The death toll from Ebola has reached 4,818 with 13,042 known cases reported across Guinea, Liberia and Sierra Leone.
The team has helped establish a further three isolation units in existing health facilities across the disease-stricken region.
Andy’s role is to design and manage the construction, while training local staff.
The 25-year-old said: “We’re doing our best in very difficult circumstances. The facilities are basic and we’re limited by a lack of equipment and medicine. It is very difficult to see normally healthy people dying. It’s incomparable to what most people have seen.”
It’s not the first time he’s been in Freetown – he visited in August where his experience of building military field hospitals was used to assist development. He returned last month after a brief visit home.
He added: “My family are worried but I have been in a lot of high risk situations before, it never gets any easier for them.
“I’m concerned how much my parents worry. I wish there was a way I could convince them I’m OK and what I’m doing is worth the risk.
“Fear is not a good enough excuse not to do this.”
Working in protective suits makes treatment in an average daily heat of 31 degrees very difficult.
Mr Hall, from Larkfield, added: “It’s exhausting work, it’s hot and you get dehydrated.
“Treating kids is really hard, such a high proportion of them die, it’s emotionally difficult but when you get a child who survives it makes all the other bad days worth it.”
He first became involved with the partnership by signing up to run a trauma training programme.
During recruitment his role was shifted to infection control in preparation for potential Ebola cases.
He added: “By the time I arrived the virus had spread rapidly and for weeks I was the only international nurse working in the isolation unit. I don’t feel I could justify walking away from this response.”
The dedicate nurse witnesses death every day and believes more support is needed. This week a 92-bed isolation unit, constructed by the British government, is being opened in Kerry Town.

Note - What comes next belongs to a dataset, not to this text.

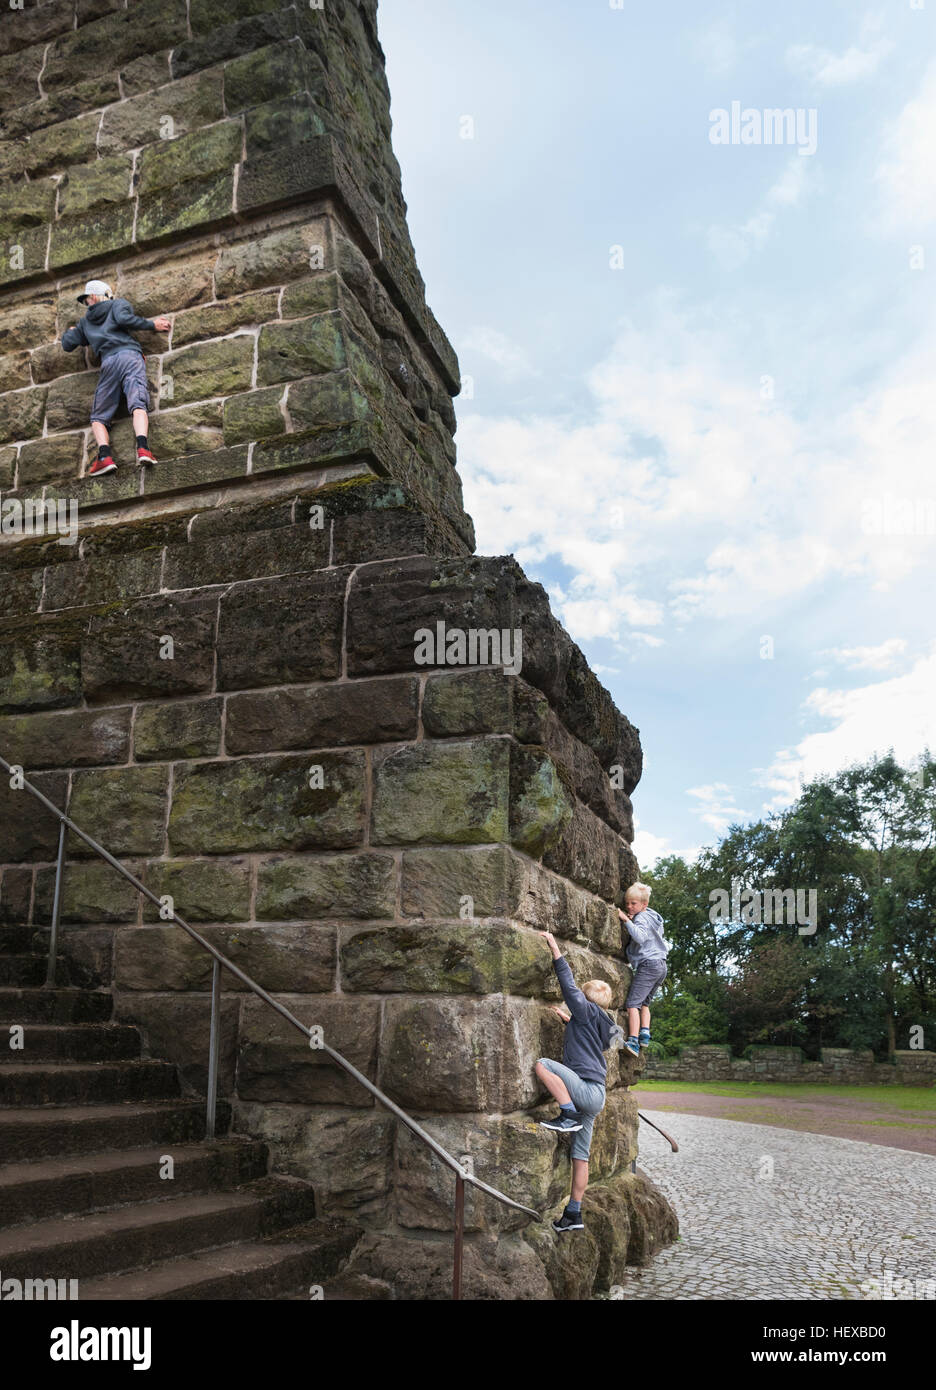 Boys climbing stone wall Stock Photo

Andy said: “The international response is being scaled up but it’s been slow, due to a lack of political will by foreign governments to support a region of the world that is largely forgotten.

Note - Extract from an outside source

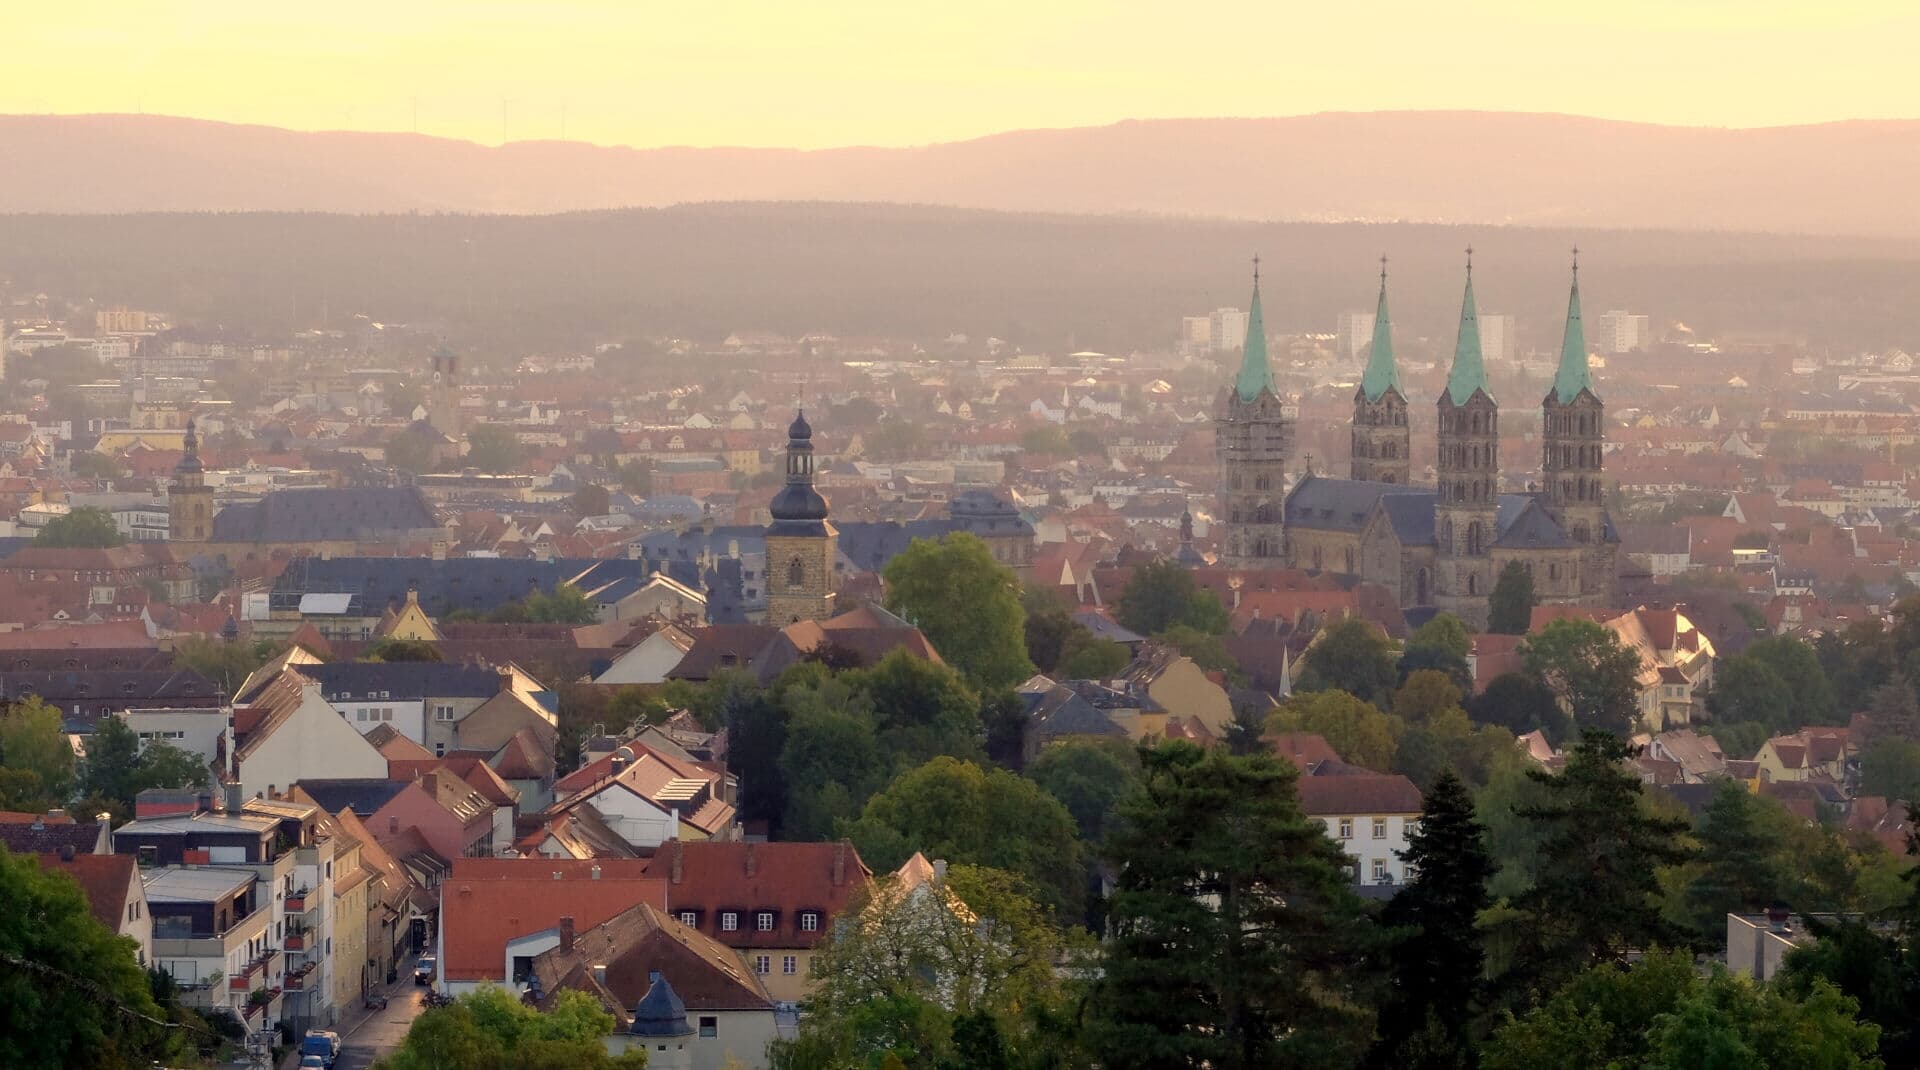 Bamberg photo

“This outbreak will be brought under control by heroic local staff who work alongside international organisations like King’s. These health care workers turn up for work to help their country and their people despite the risks. They are fronting up to this crisis and fighting it head on as hard as they can. “
Andy is committed to the cause and said he will do everything he can to help.
“I will stay until Ebola is over. I want to be here when the World Health Organisation announces that the country is Ebola free,” he added.